Giving Feedback at Scale: Our Journey into Fine-Tuning GPT for Education

We have all felt that moment of frustration: you put hours of thought into a complex response, only to receive a generic "Good job" or a cold numerical score. As a researcher at Acuity Insights, I have spent years looking at how we can make educational assessment more human, even when we are dealing with thousands of students.

My team and I recently presented our findings on this challenge at The 40th ACM/SIGAPP Symposium on Applied Computing (SAC '25) in Catania, Italy. We wanted to know: Can we actually teach an AI to give feedback that feels personal, supportive, and—most importantly—useful?

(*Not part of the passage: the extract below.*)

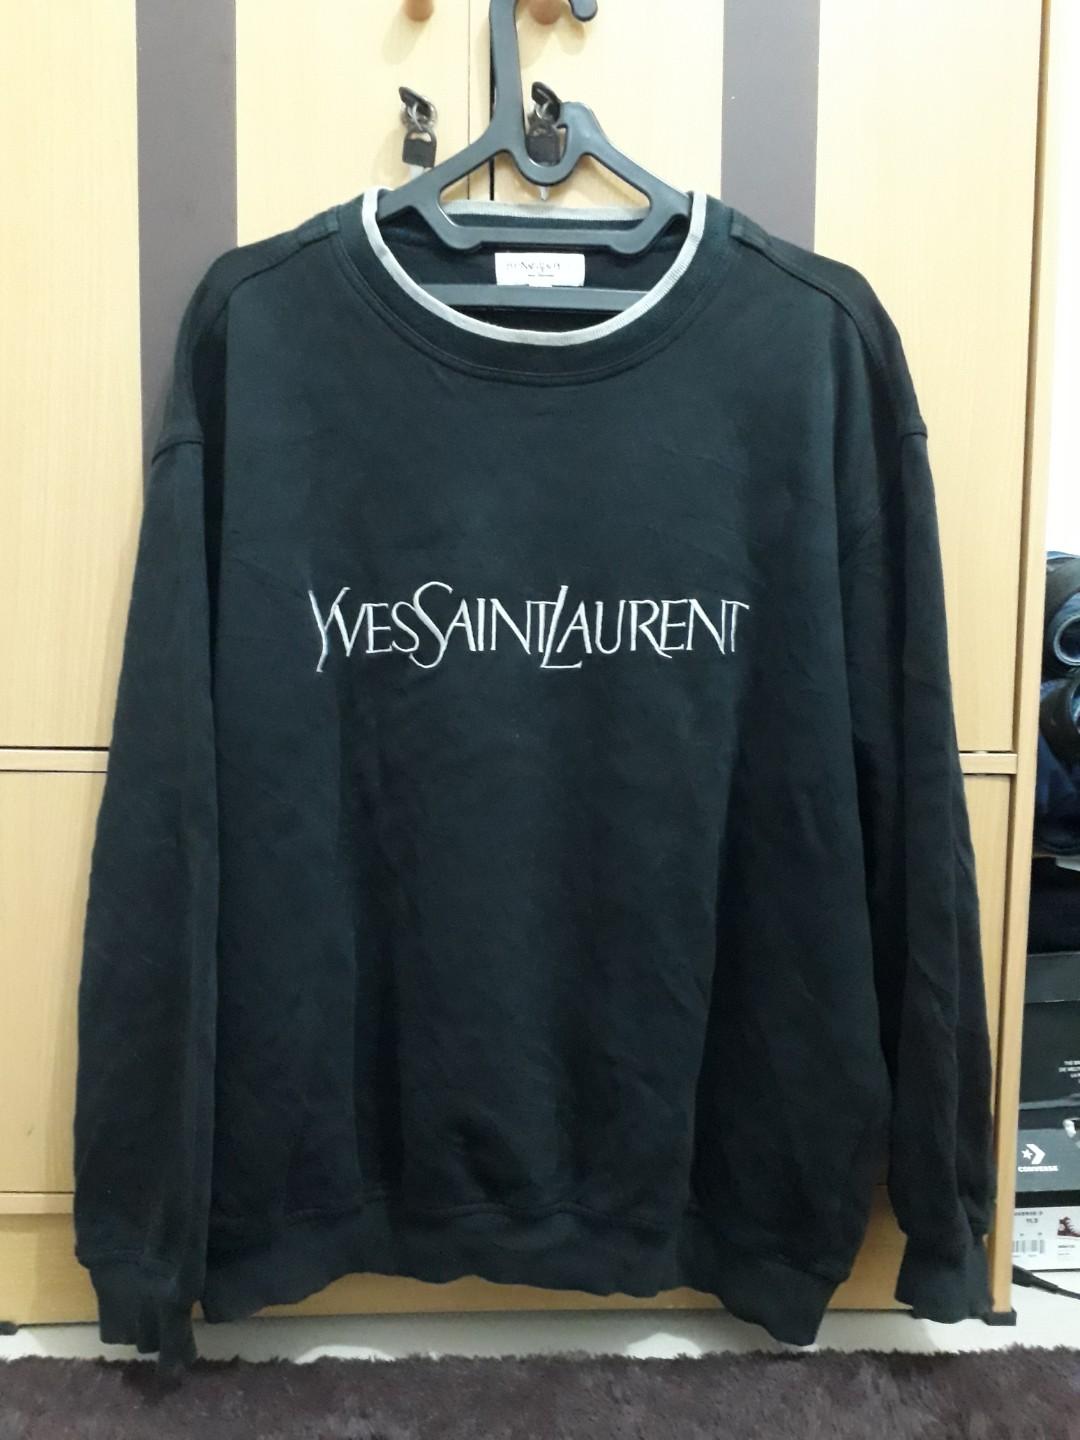 Yves Saint Laurent Vintage Sweatshirt Hotsell, 54% OFF | www

DOI: 10.1145/3672608.3707735

The "Casper" Challenge

We decided to test this on Casper, a high-stakes situational judgment test (SJT) that assesses social intelligence and professionalism. Unlike a math quiz, there are no strictly right or wrong answers in Casper; instead, applicants describe how they would handle complex ethical dilemmas or social challenges.

Because these responses are so unique and diverse, you cannot just use a pre-written template for feedback. You need a system that can truly "understand" the nuances of a student’s reasoning.

Moving Beyond Simple Chatbots

Most research to date has focused on using standard "off-the-shelf" AI models with basic prompting. But for high-stakes education, we needed more precision.

We took GPT-3.5-Turbo and applied Parameter-Efficient Fine-Tuning (PEFT). Specifically, we used Low-Rank Adaptation (LoRA) to update the model’s parameters specifically for the task of generating feedback.

The most surprising part? We didn’t need a massive amount of data. We developed a high-quality training set of just 124 hand-crafted feedback examples. We also integrated Chain-of-Thought (CoT) prompting, requiring the model to "think step-by-step" and explain its reasoning before writing the final message to the student.

What We Discovered

To see if our fine-tuned tutor actually worked, we had independent judges, test experts, and real students evaluate the results.

Structure & Tone: 72.9% of the generated messages met every single structural criterion for effective feedback.
Personalization: Over 94.9% of the messages were successfully tailored to the specific elements of the applicant's response.
Actionability: Every single message—except for those responding to perfect scores—included concrete suggestions for improvement.
User Satisfaction: In our survey of 164 participants, 84.8% expressed satisfaction with the feedback they received.
Supportive Environment: Over 70% of respondents agreed the feedback was clear, logically organized, and supportive.

The Path Forward

Is it perfect? Not yet. Some users wanted even more detail, and we observed occasional linguistic slips. There is also a delicate balance to strike: we want to give students helpful tips without compromising the security of a high-stakes test.

However, this study shows that we are on the right track. By combining expert human knowledge with specialized AI training, we can provide the kind of timely, personalized support that every learner deserves—at a scale that was previously impossible.